I'm using pyspark to index 8 TB of data into an elasticsearch index. My code looks something like this:
df.write.format("org.elasticsearch.spark.sql").mode(
'append'
).option(
"es.mapping.id", "id"
).options(
**self.es_config
).option(
"es.resource", myidx
).save()
This works fine until I get through around 1/8 of the data, at which point there is one particular task which fails:
2017-09-05 11:59:21,627 WARN rg.apache.spark.scheduler.TaskSetManager - Lost task 113.0 in stage 14.0 (TID 53197, xyz.def.net, executor 33):
org.elasticsearch.hadoop.rest.EsHadoopNoNodesLeftException: Connection error (check network and/or proxy settings)- all nodes failed; tried [[https://a.net:9200, https://b.net:9200, https://c.net:9200]]
No matter how I tweak spark and elasticsearch bulk indexing settings (fewer executors, various batch sizes, more writing retries, longer waits between writing retries), the job always fails at that task and that stage, which leads me to believe that there's a specific piece of data that elasticsearch is rejecting.
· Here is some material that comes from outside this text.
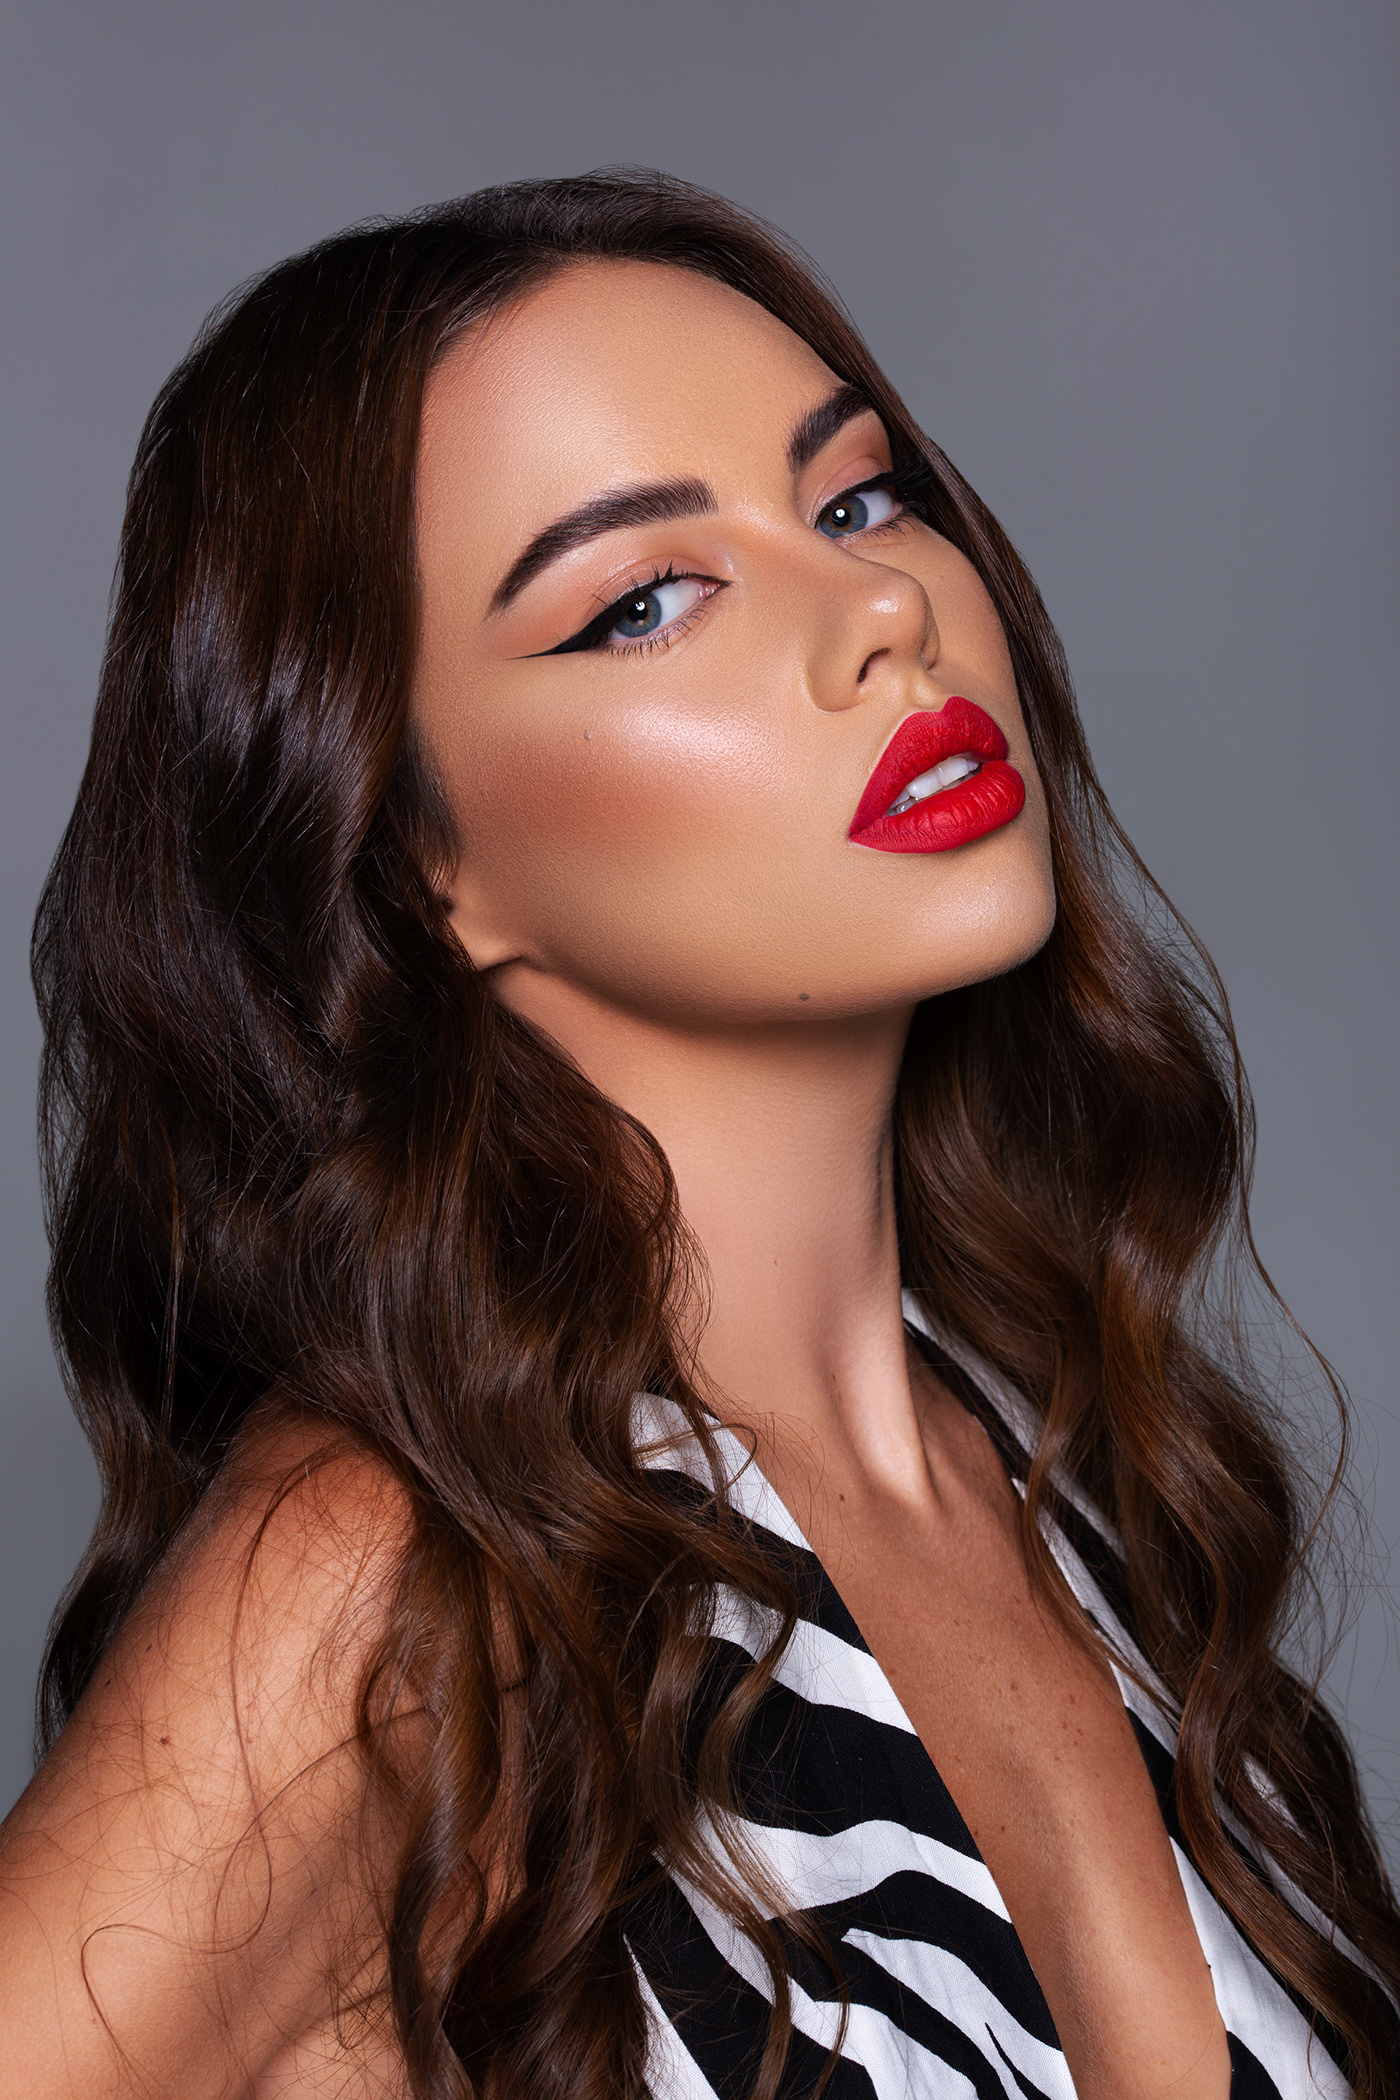 beauty Fashion  hair makeup model Photography  portrait retouch skin woman

However, I'm at a loss as to how to find out what part of the data this is, since I have 8 TB of data and am otherwise able to work with the data without a problem purely in spark.
Is there some way for me to capture the data being sent in the task that's causing trouble? Based on what I see here it looks like there's no way to catch the exception, store the bad data, and continue with the job; is there anything else I can do? I am unable to write my data to elastic at all at the moment because of this failure; the entire job gets killed.